Evaluating a logistic regression model involves assessing its performance in predicting binary or multiclass outcomes. Below are key methods for evaluation:
from sklearn.metrics import accuracy_score accuracy = accuracy_score(y_test, y_pred) print(f'Accuracy: {accuracy:.4f}')
from sklearn.metrics import confusion_matrix conf_matrix = confusion_matrix(y_test, y_pred) print("\nConfusion Matrix:") print(conf_matrix)
from sklearn.metrics import precision_score precision = precision_score(y_test, y_pred, average='weighted') print(f'Precision: {precision:.4f}')

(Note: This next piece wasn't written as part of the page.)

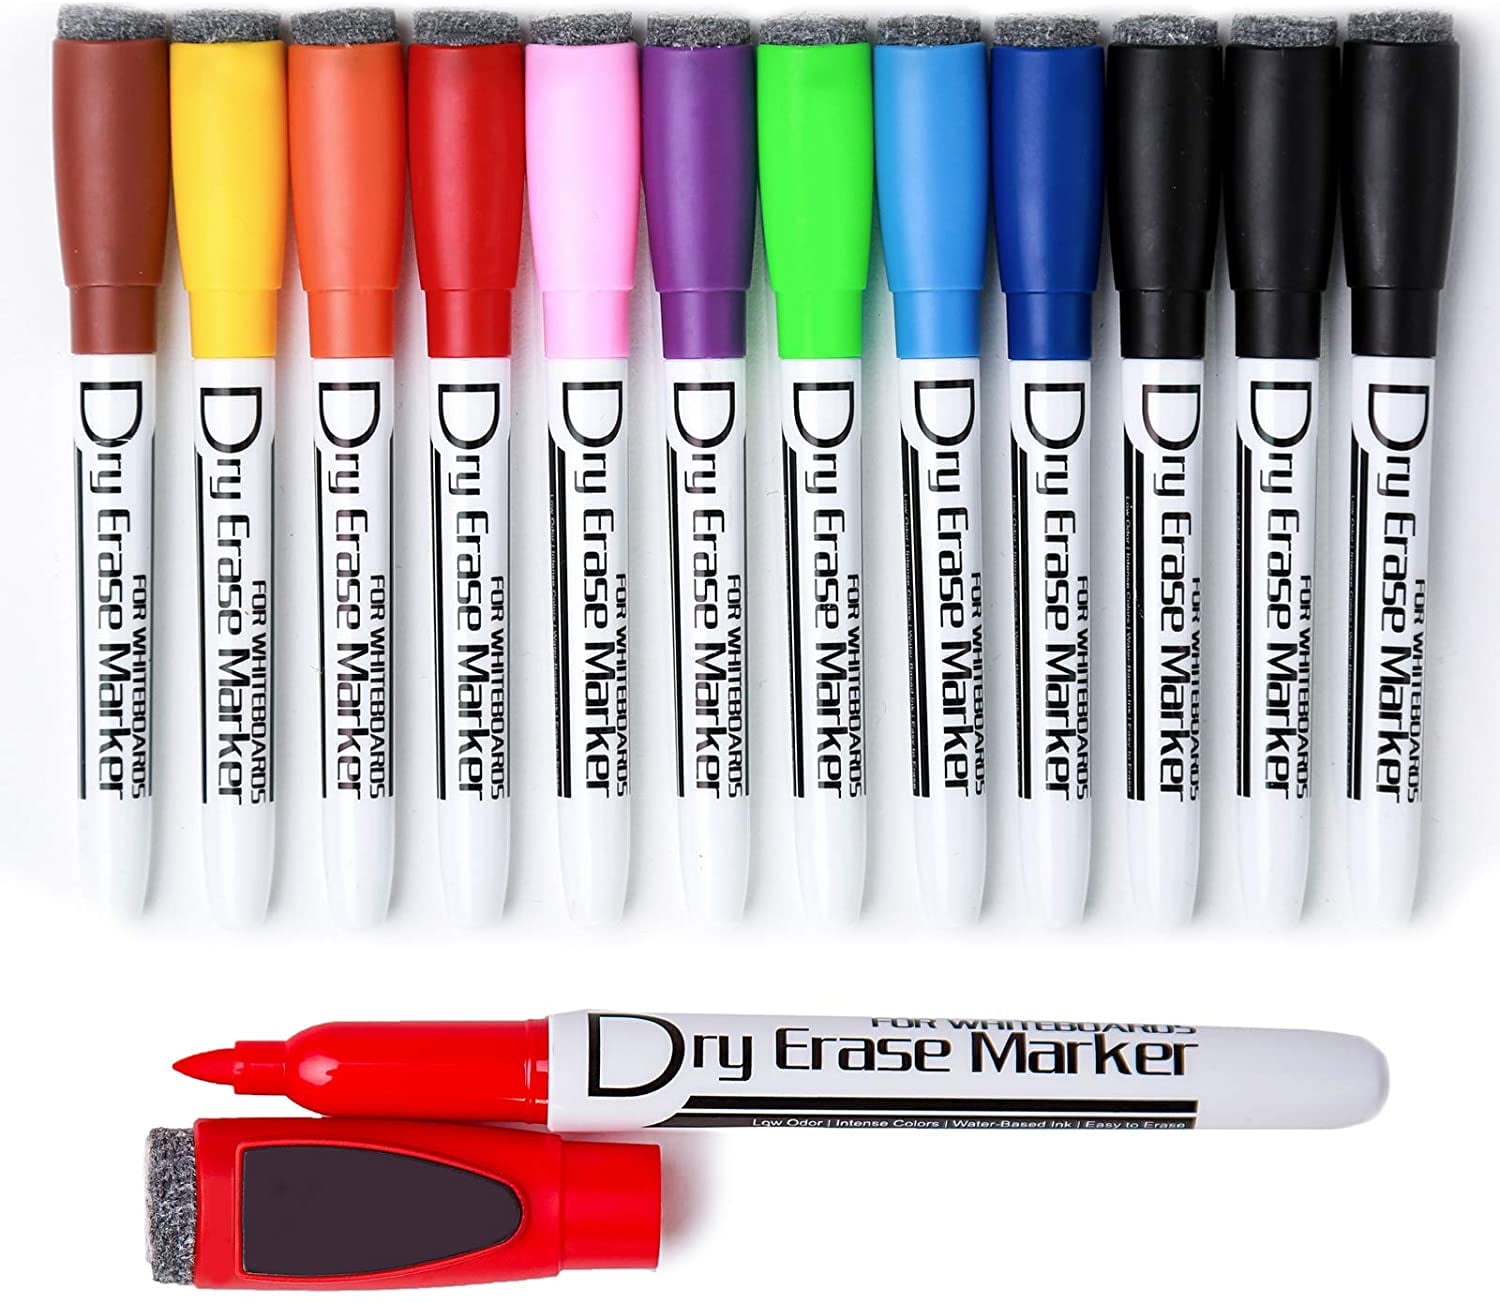 What are some good non-toxic alternatives to dry erase markers that  actually work well on an office whiteboard (not made from glass)? Are there  any ones that are both erasable and reusable?

from sklearn.metrics import recall_score recall = recall_score(y_test, y_pred, average='weighted') print(f'Recall: {recall:.4f}')
from sklearn.metrics import f1_score f1 = f1_score(y_test, y_pred, average='weighted') print(f'F1 Score: {f1:.4f}')
Cross-validation techniques provide a more reliable evaluation of model performance by assessing it across different subsets of the dataset.
from sklearn.model_selection import KFold, cross_val_score kf = KFold(n_splits=5, shuffle=True, random_state=42) scores = cross_val_score(model, X, y, cv=kf, scoring='accuracy') print(f'Cross-Validation Accuracy: {np.mean(scores):.4f}')
from sklearn.model_selection import StratifiedKFold skf = StratifiedKFold(n_splits=5) scores = cross_val_score(model, X, y, cv=skf, scoring='accuracy') print(f'Stratified K-Fold Cross-Validation Accuracy: {np.mean(scores):.4f}')
By utilizing these evaluation methods and cross-validation techniques, practitioners can gain insights into the effectiveness of their logistic regression model and its ability to generalize to unseen data.
Regularization helps mitigate overfitting in logistic regression by adding a penalty term to the loss function, encouraging simpler models. The two primary forms of regularization in logistic regression are L1 regularization (Lasso) and L2 regularization (Ridge).
概念:L2正则化在损失函数中添加等于系数大小平方的惩罚。
损失函数:岭逻辑回归的修正损失函数表示为:
损失 = -Σ[yi * log(ŷi) + (1 - yi) * log(1 - ŷi)] + λ * Σ(wj^2)
地点:
效果:
概念:L1正则化在损失函数中添加等于系数幅值绝对值的惩罚。
损失函数:Lasso逻辑回归的修改损失函数可以表示为:
损失 = -Σ[yi * log(ŷi) + (1 - yi) * log(1 - ŷi)] + λ * Σ|wj|
地点:
效果:
通过在逻辑回归中应用正则化技术,从业者可以增强模型泛化并有效管理偏差-方差权衡。
以上是逻辑回归,分类:监督机器学习的详细内容。更多信息请关注PHP中文网其他相关文章!